In this chapter, we will build the foundation of our library, which we will call babygrad.

Create a new folder and a virtual environment. We will use uv package manager.

project/
├─ .venv/           # virtual environment folder
├─ babygrad/        # source code
├─ examples/        # Examples using babygrad 
└─ tests/           #tests

2.1 Tensor

What is an Array?

Array is a collection of elements , each identified by at least one index.

But We will not use Python Lists/Arrays here.
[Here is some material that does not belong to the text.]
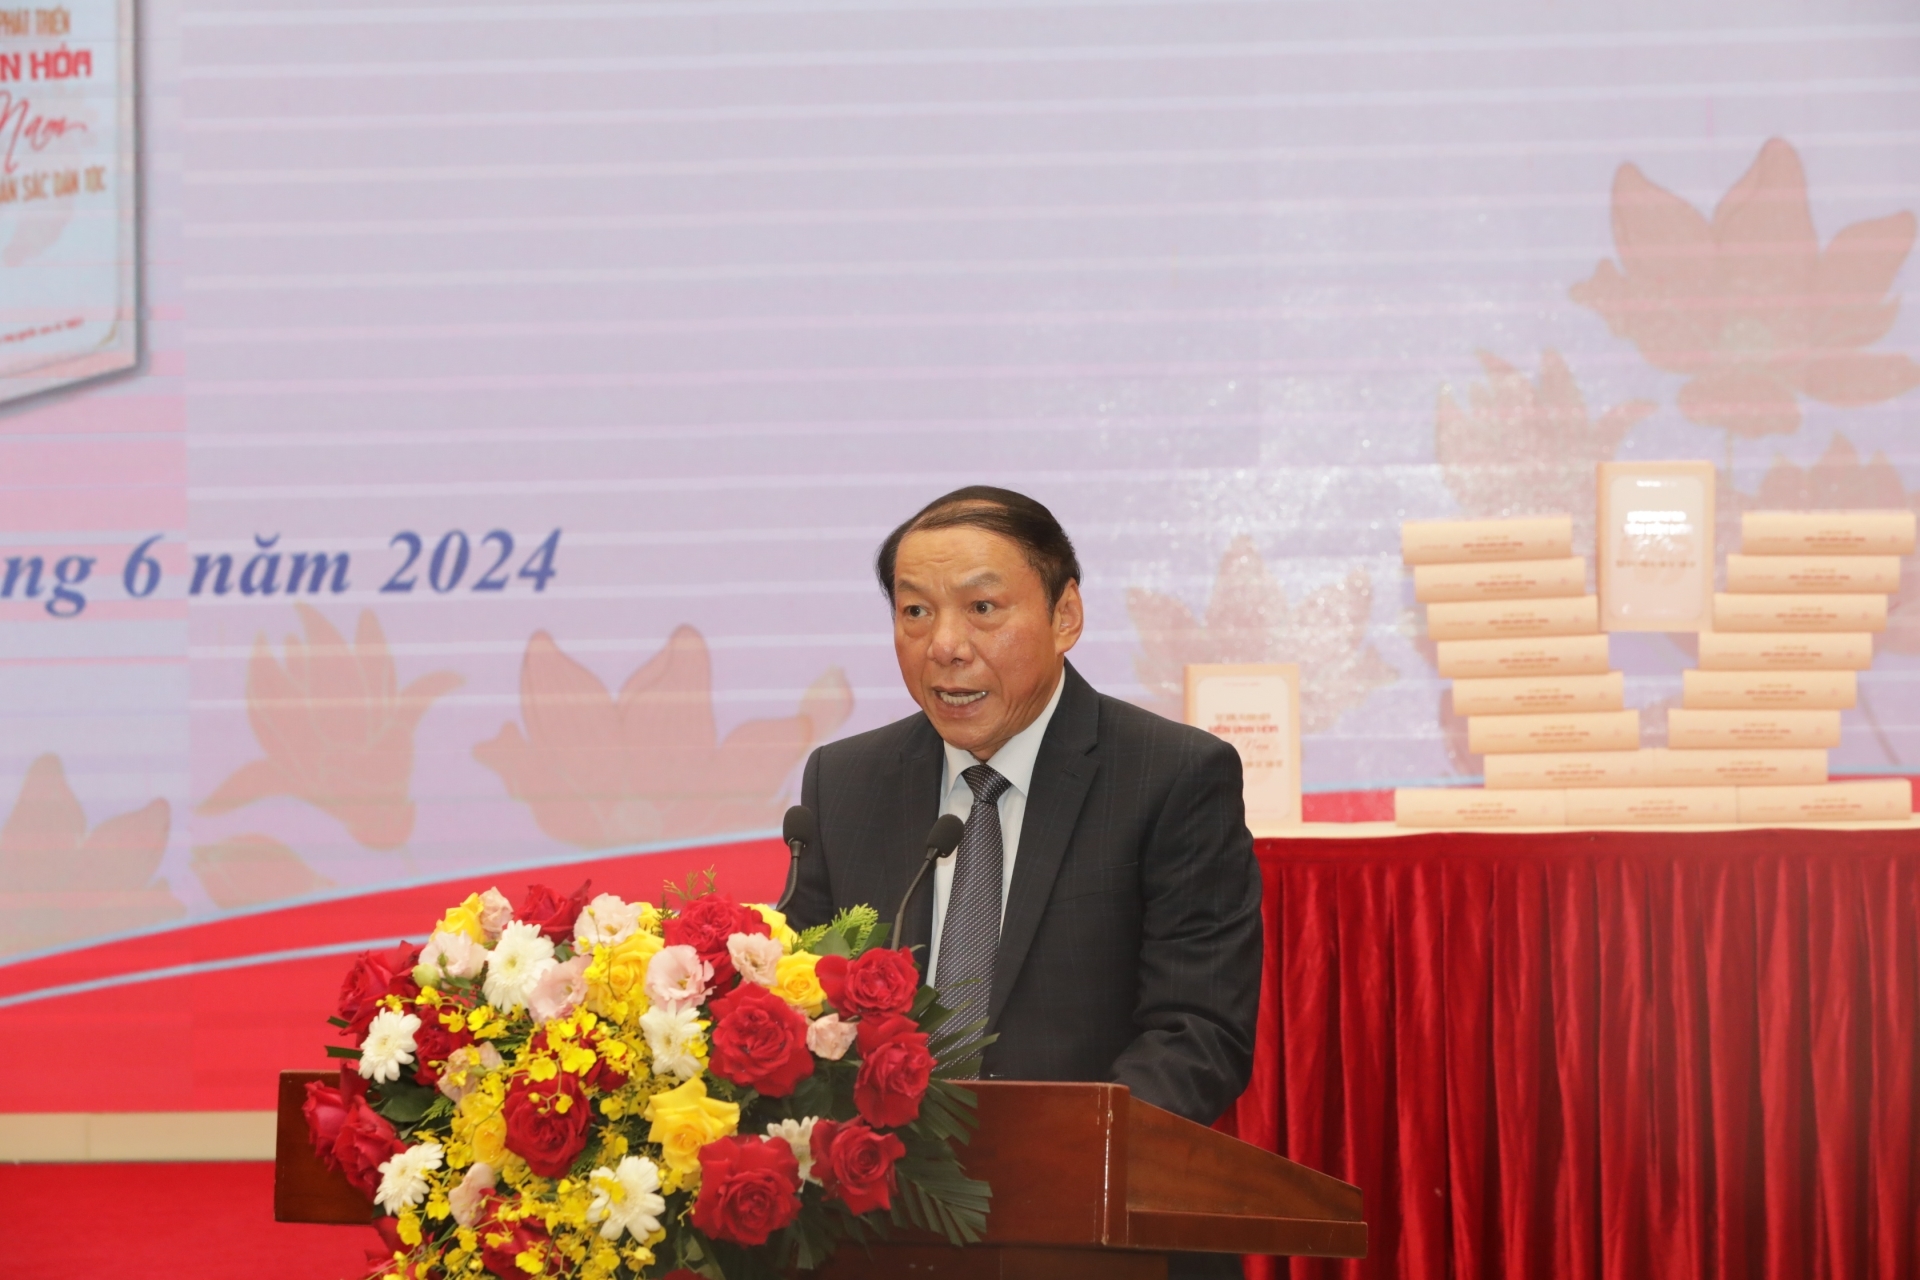 Đồng chí Nguyễn Văn Hùng, Ủy viên Trung ương Đảng, Bộ trưởng Bộ Văn hóa, Thể thao và Du lịch phát biểu tại buổi lễ.
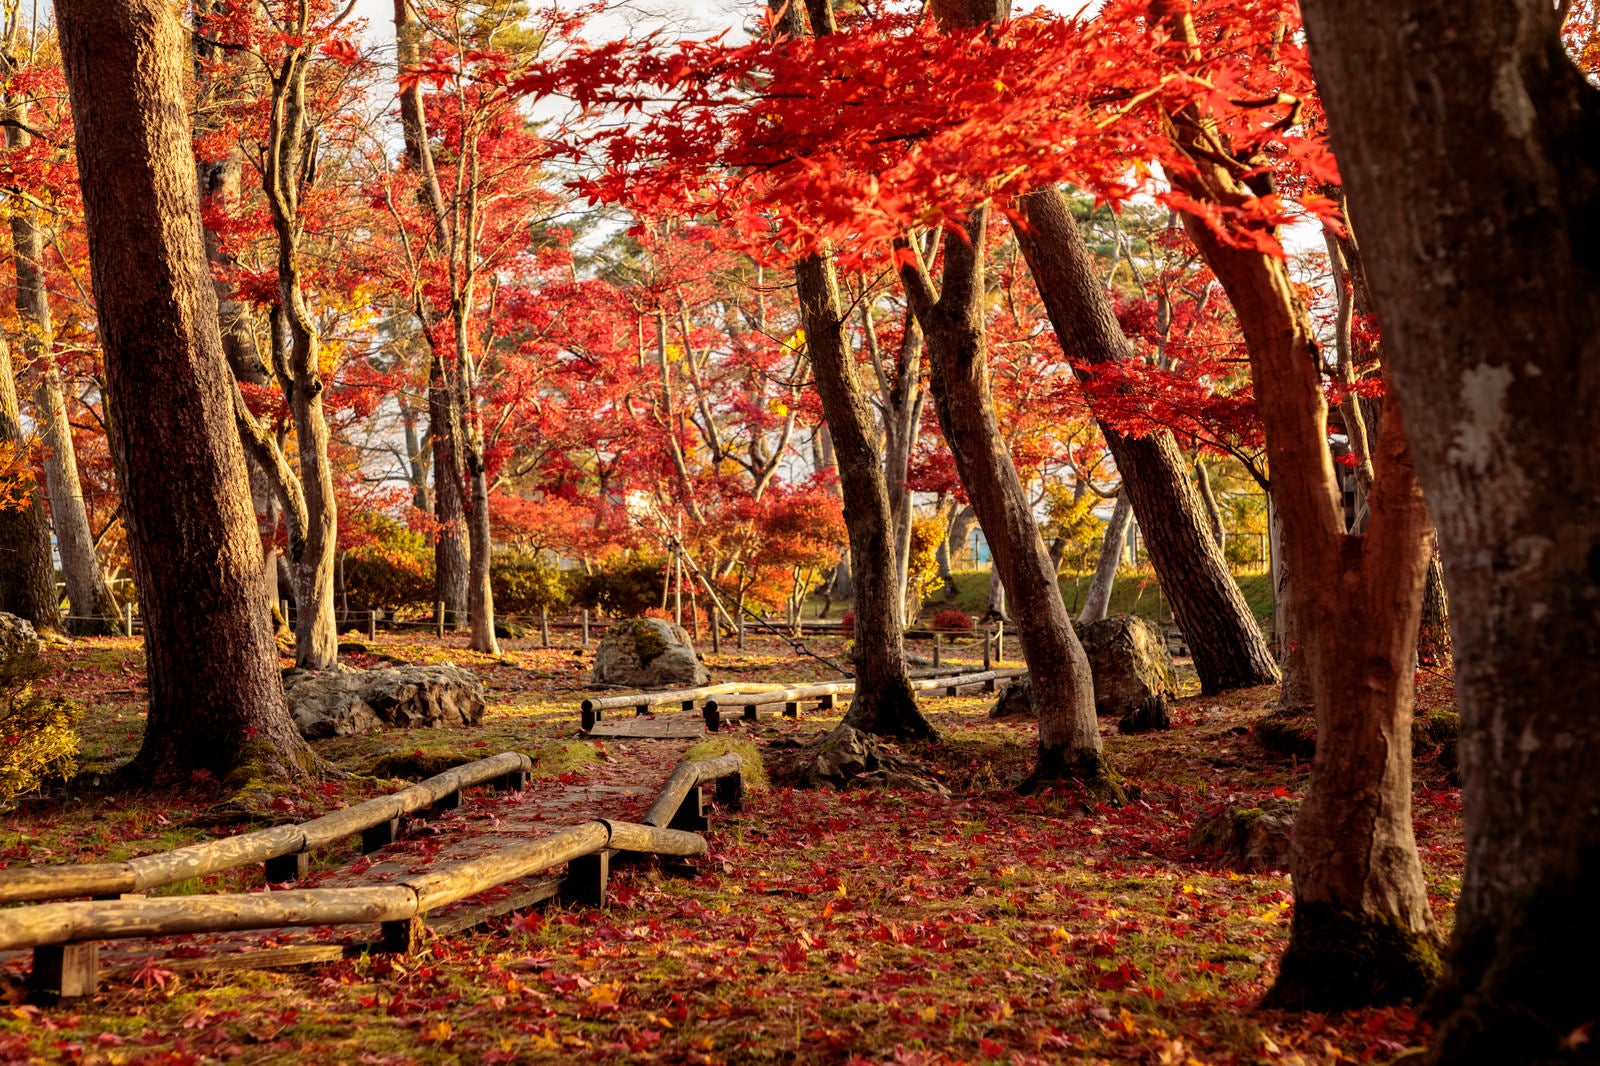 「紅葉した木々と木道に散るもみじ」の写真

We would instead give the responsibility to NumPy.

What is a NumPy Array?

A NumPy Array is a high-performance, N-dimensional block of numbers.

It stores data in a fixed block of memory.
It allows us to perform “vectorized” operations (adding 1 million numbers at once without a for loop).
It is the “raw material” that our Tensors will wrap.
It is very fast.

What is a Tensor?

A Tensor is a container (or “wrapper”) that holds an array in a structured way, allowing you to perform various operations efficiently.

a = babygrad.Tensor([1,2,3])
b = babygrad.Tensor([1,2,3])
c = a+b 
print(c._inputs)
>>> [Tensor(1,2,3), Tensor[1,2,3]] 
print(c.op)
>>> <babygrad.ops.Add object at 0x7f0cfcfcc3a0>

Here inputs of C Tensor are clearly A and B. We need this information when we will do backward pass.

The op shows the operation that was performed (Add) to produce the output(C).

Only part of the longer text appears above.